Data shown:
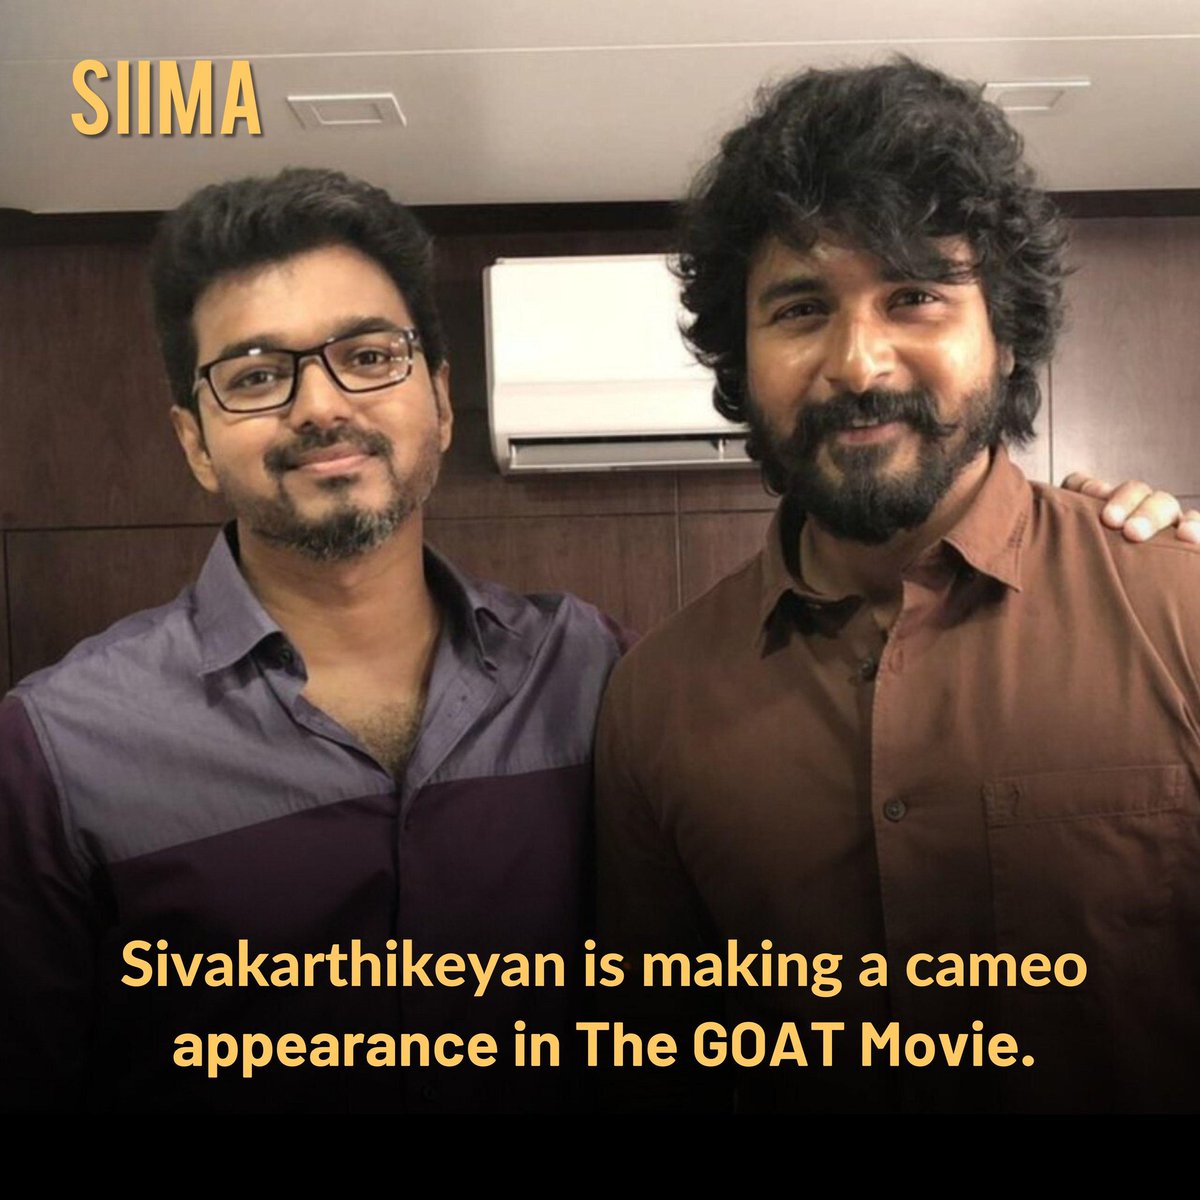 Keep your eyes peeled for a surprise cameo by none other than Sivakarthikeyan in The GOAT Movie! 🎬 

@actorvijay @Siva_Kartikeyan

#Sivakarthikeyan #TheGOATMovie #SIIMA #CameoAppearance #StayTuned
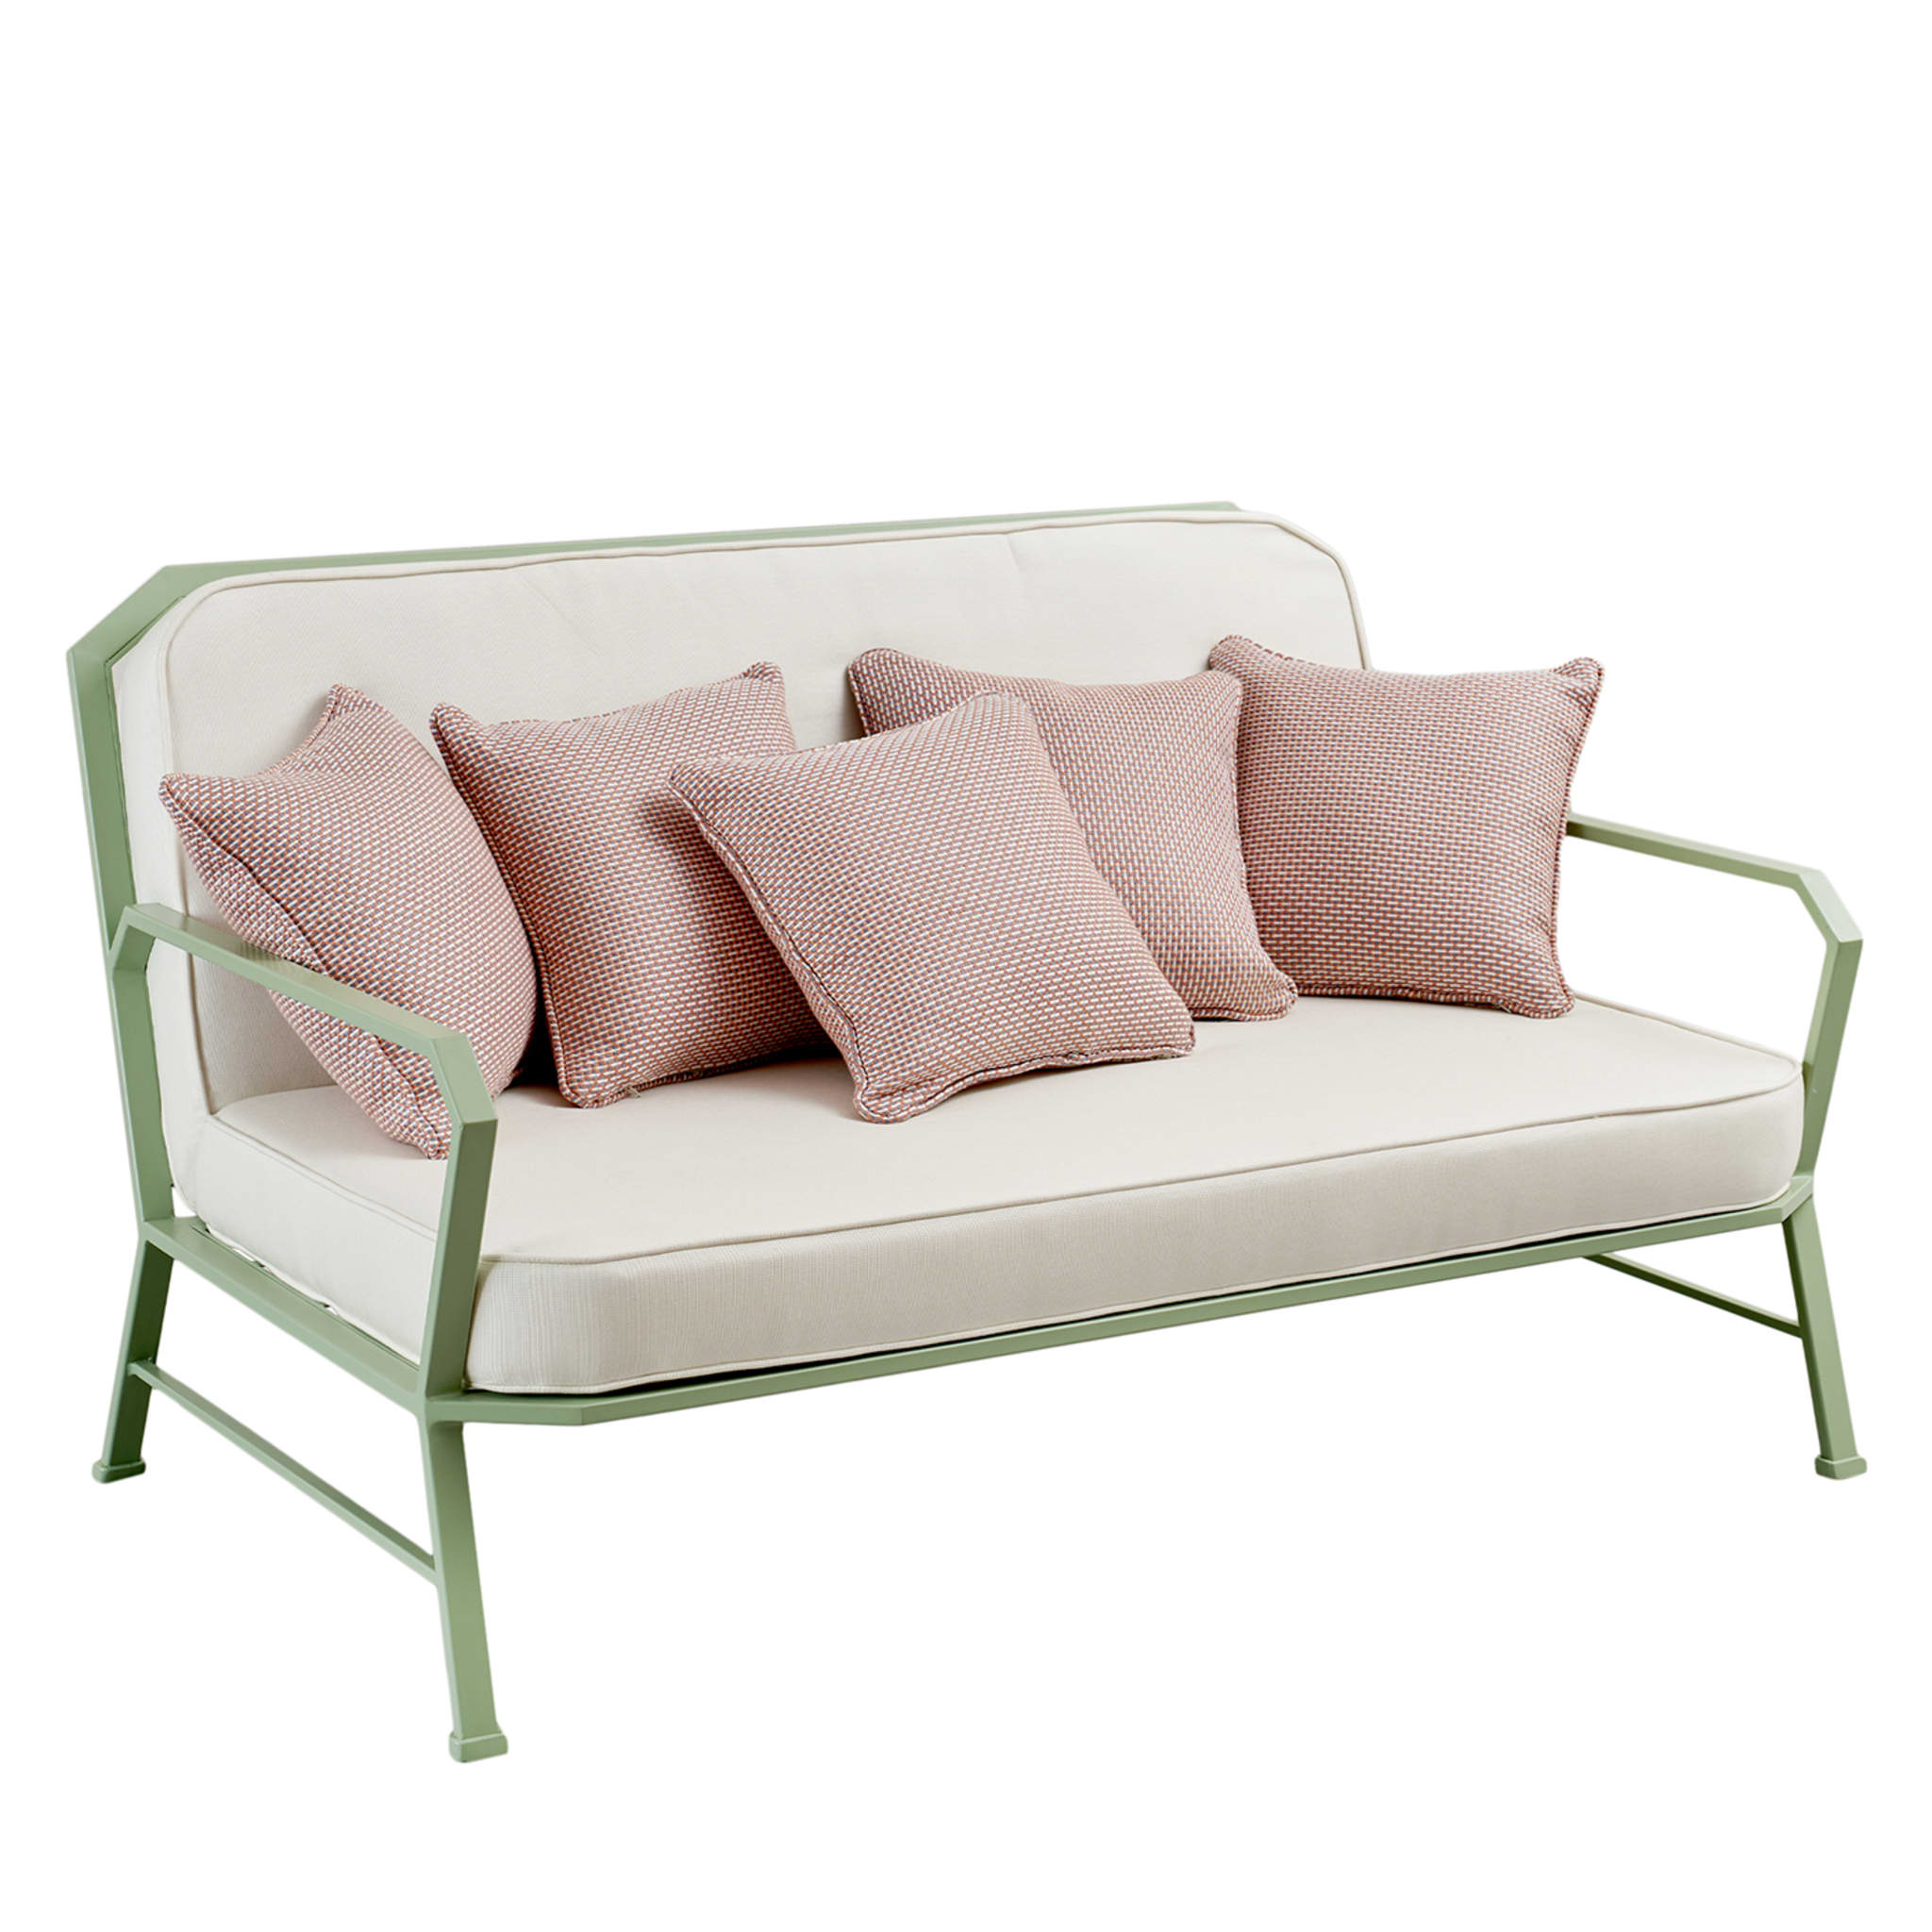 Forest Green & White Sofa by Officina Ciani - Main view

What to do:
Omit every picture while printing the data word for word.

Written answer:
 Keep your eyes peeled for a surprise cameo by none other than Sivakarthikeyan in The GOAT Movie! 🎬 

@actorvijay @Siva_Kartikeyan

#Sivakarthikeyan #TheGOATMovie #SIIMA #CameoAppearance #StayTuned
 Forest Green & White Sofa by Officina Ciani - Main view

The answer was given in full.